Among the four patients with confirmed COVID-19, one of them developed acute respiratory distress syndrome (ARDS) and required non-invasive ventilation with ICU admission. This patient had ESRD on hemodialysis. In a retrospective study of 101 patients with lupus nephritis from Wuhan, China, two (1.2%) were confirmed to have COVID-19. Both had mild infection and did not require supplemental oxygen [20]. A French multicenter group collected 17 cases of SLE patients with confirmed COVID-19 [21]. Fourteen (82%) patients were admitted to hospital care, 7 of them to ICU. Complications in the form of viral pneumonia were detected in 13 (76%) patients, respiratory failure in 11 (65%), ARDS in 5 (29%), and acute renal failure in 3 (18%) patients, with two patients requiring hemodialysis. The overall mortality was 14% [21]. Data from New York University lupus cohort showed that out of the 41 SLE patients with RT-PCR confirmed COVID-19, 24 (59%) required hospitalization. Half of them required supplemental oxygen during hospitalization, 17% required admission to the ICU, 13% required intubation and mechanical ventilation, and 17% died of hypoxemic respiratory failure from COVID-19. Overall, the variables predictive of hospitalization in SLE patients such as nonwhite race, body mass index, and the presence of one or more comorbidities were similar to those identified in the general population [22].

In our study, the use of HCQ of patients with possible or confirmed COVID-19 was similar to that of those patients without infection (73.3% versus 72.2%, p = NS). Moreover, the median dose of HCQ was similar in both groups. In fact, several trials have demonstrated the lack of efficacy of HCQ as both pre-exposure and post-exposure prophylaxis against SARS-CoV2 infection [4, 5].

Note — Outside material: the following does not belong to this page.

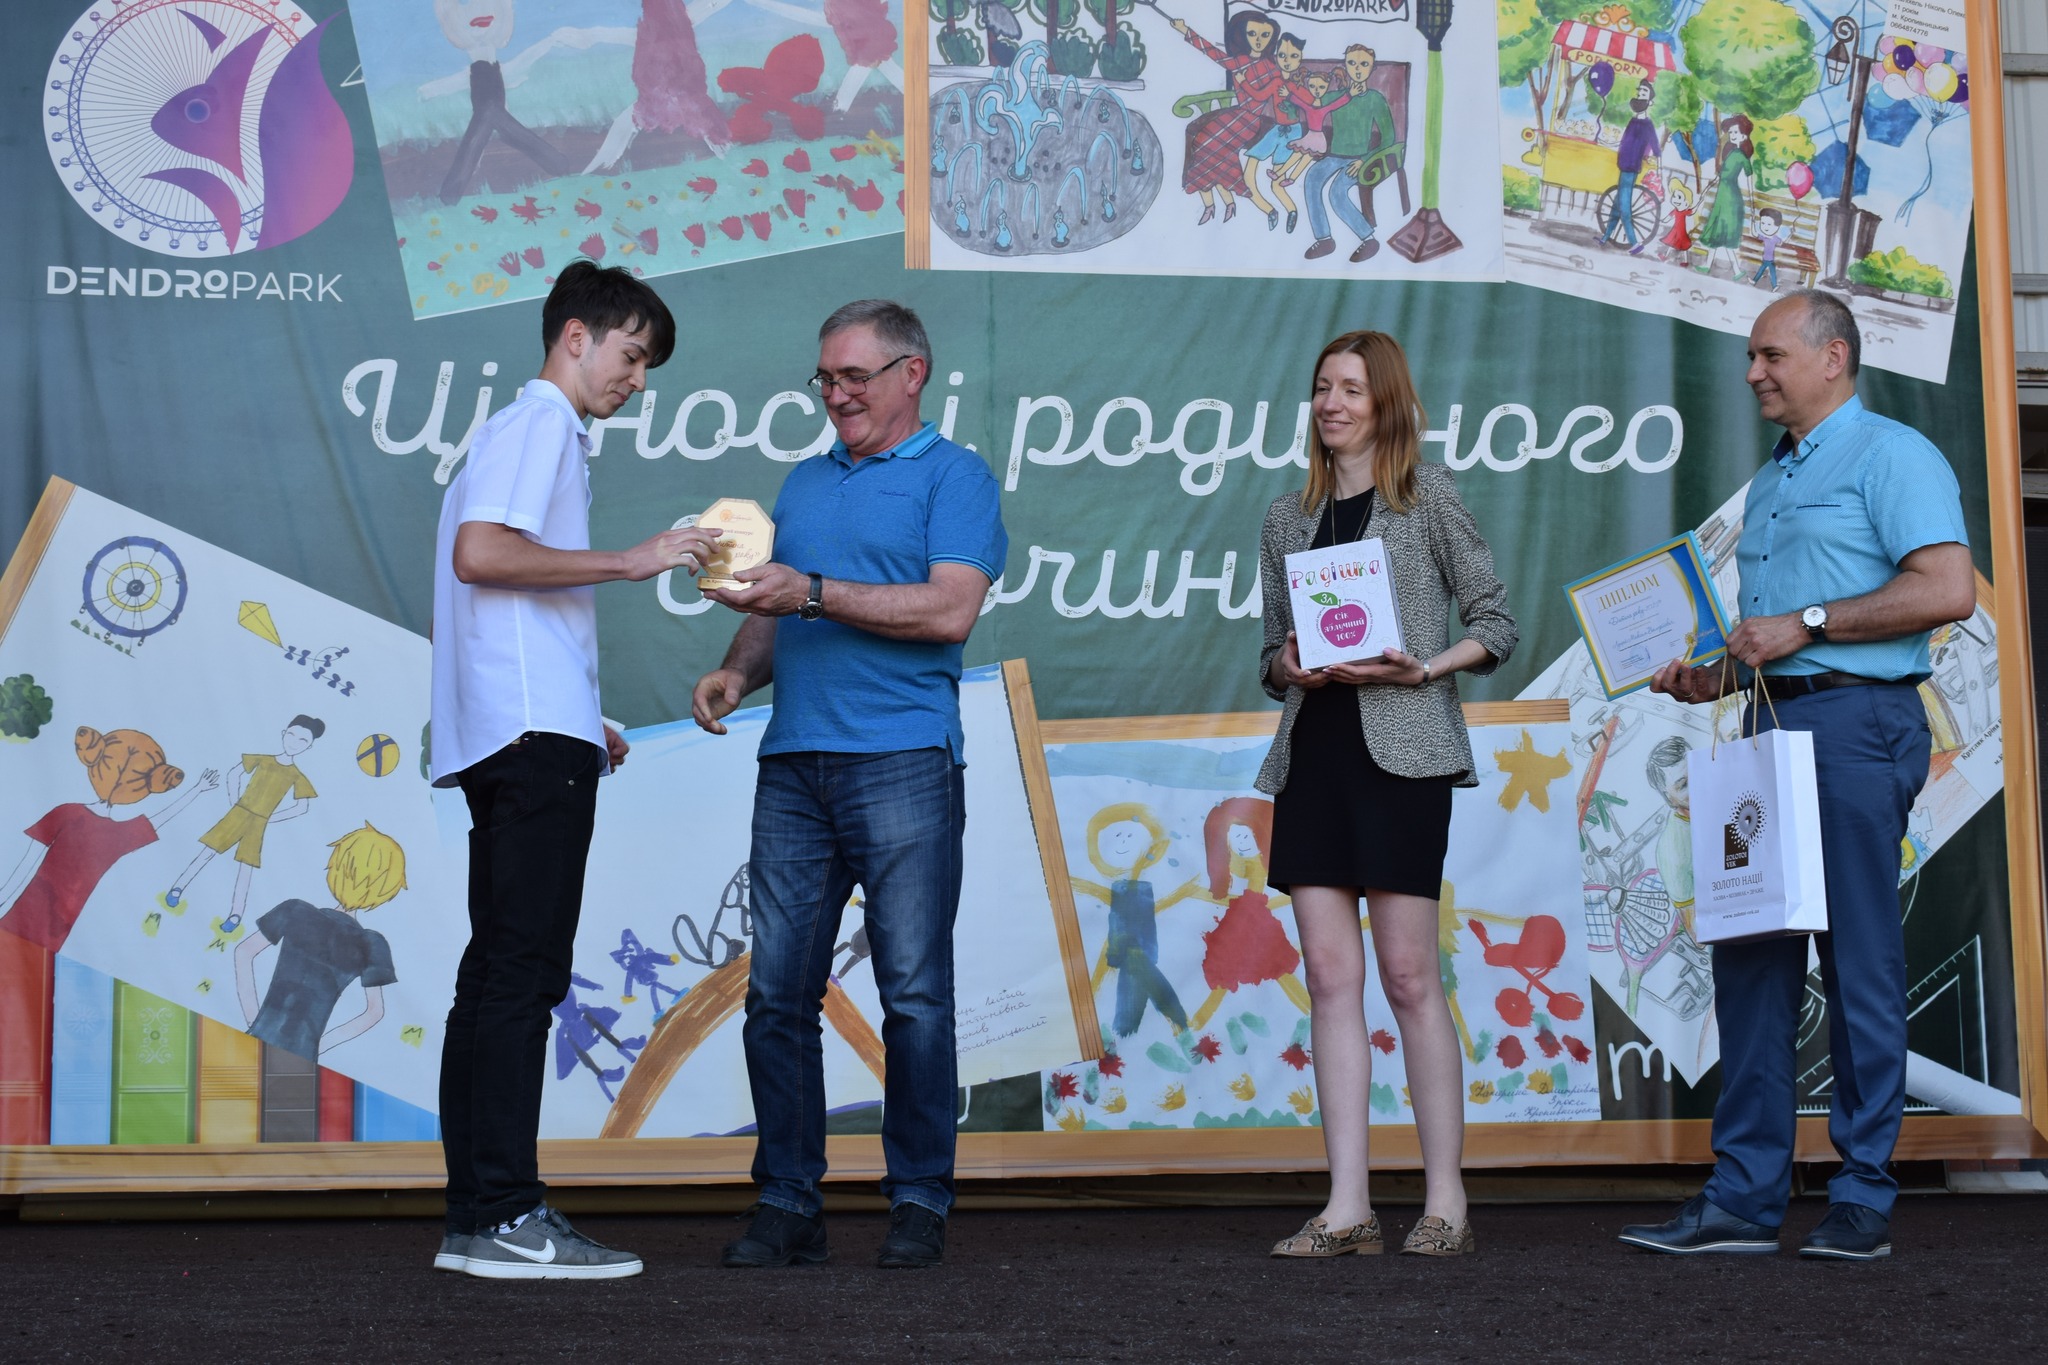 In Kropyvnytskyi awarded to a young man who extinguished fires and fed elderly people in Mariupol

Our study has some limitations. First, the majority of SLE patients have a long-term, stable, and clinical inactive disease at the moment of analysis. In fact, 88% of them fulfilled the definition of lupus low activity disease state and only 23 (5.7%) patients were treated with a daily prednisone dose higher than 5 mg. It is possible that a population with more severe disease may have a more severe outcome. However, more than half of the analyzed patients were treated with immunosuppressant agents. Second, given the lockdown and the lack of updated laboratory values, to calculate SLEDAI, we have used the values from previous laboratory tests plus the clinical information obtained at the telephone survey. Third, the higher incidence of possible cases in SLE patients should be interpreted with caution. Some of the clinical manifestations associated to COVID-19 are nonspecific and may be due to other causes. Fourth, the majority of telephone surveys were filled by three final year students of the Faculty of Medicine and Health Sciences of University of Barcelona. However, before the present study, they were included in the medical teams in charge of COVID-19 patient care after receiving the corresponding training. Therefore, they were able to recognize the clinical manifestations associated to this viral infection and in case of doubt, senior authors (GE, SPG) discussed case by case. Fifth, due to limited availability of tests for antibodies to SARS-CoV-2 in our setting, true incidence of COVID-19 is unknown, mainly to confirm the possible clinical cases and to identify asymptomatic patients. In addition, SARS-CoV-2 RT-PCR in nasopharyngeal swab samples were performed in only 12 out of 400 (0.03%) SLE patients, including the 4 confirmed cases of COVID-19. The deficits in COVID19 testing in the beginning of the pandemic may skew the confirmed cases towards sicker patients as the ones with milder symptoms/asymptomatic infection were less likely to seek medical care. Finally, telephone surveys were performed during 5 weeks with different date completions. Cases of patients already interviewed could have been lost if the symptoms appeared after the date of survey completion. However, at the time of survey, patients were asked to contact the investigators if they developed suggestive symptoms of COVID-19 during the following weeks.

In the light of the results of the present study, the incidence of COVID-19 in SLE patients with stable and clinical inactive disease is low and, in our cohort, all cases with confirmed infection recovered.